The fix ended up being simpler than I thought but doesn't make it any easier to find when you're learning as you go. I just had to set an Offset of (0, -32) on the sprite, which moves the picture up while leaving the origin at the feet where it belongs.

Godot Inspector UI showing the offset and position settings

The Boundary issue:

So I fixed the interaction problem right? Wrong.

I fixed the origin but the interaction was still broken but for a different reason now. I setup a tile marker to show me what tile it was using to determine reach and noticed that the tile marker jittered when the player moved diagonally, and the reach was off by one in a way that changed as you continue to move.

An in game screenshot showing the tile marker incorrectly highlighting the tile diagonally left of the player.

The feet were landing at exactly y = 16 * some_integer. Precisely on a tile boundary.

local_to_map floors, so a sample point sitting exactly on the seam flips between two tiles with sub-pixel movement.

The fix? Sample from 8 pixels up, which is the center of the tile the player is standing in. Now you have to move a full half tile before the resulting tile marker changes instead of a fraction of a pixel.
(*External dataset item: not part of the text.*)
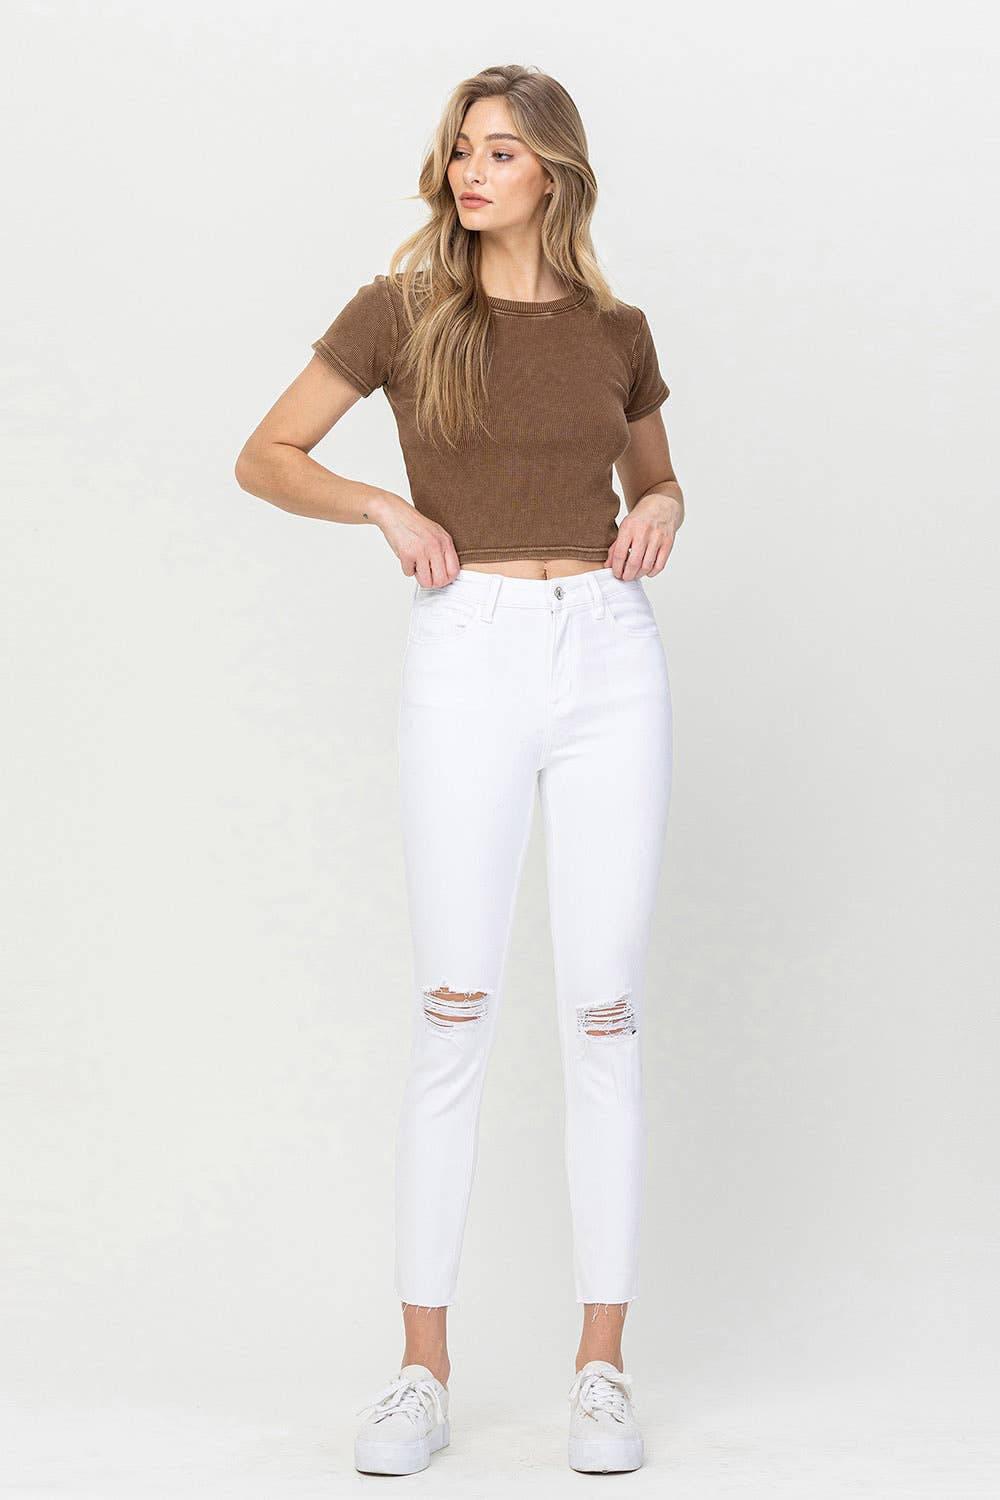 White High Rise Crop Skinny Jeans - Strawberry Moon Boutique

Lights, Camera, Earthquake?:

I had setup my camera on day 1 and continued on without much of a thought but after setting up and wiring the player animations properly I noticed the sprite seemed extremely jittery in movement. Turns out the feature toggle called "Position smoothing" within the Camera2D node was the culprit. Similar to the boundary issue above, at my viewport a smoothed camera lands on fractional pixel positions causing the entire character sprite to shake like they're in an earthquake. So contrary to it's name, turning off "position smoothing" actually made things smooth.

Where do we stand against the timeline

According to my own design doc and Trello board, even with the delay in start on day 2, I'm somehow 3 almost 4 days ahead of schedule. I've completed all the tasks I had assigned for days 3 and 4. Going forward I'm introducing height to the map, collision to objects, animals and interactions. I may upload a sloppy version of the game to Itch on Day 5 but for now things are going much smoother than any prior jam has in the past and I'm feeling pretty accomplished with what I've gotten done so far.

That's it for this first dev log, see you in the next one!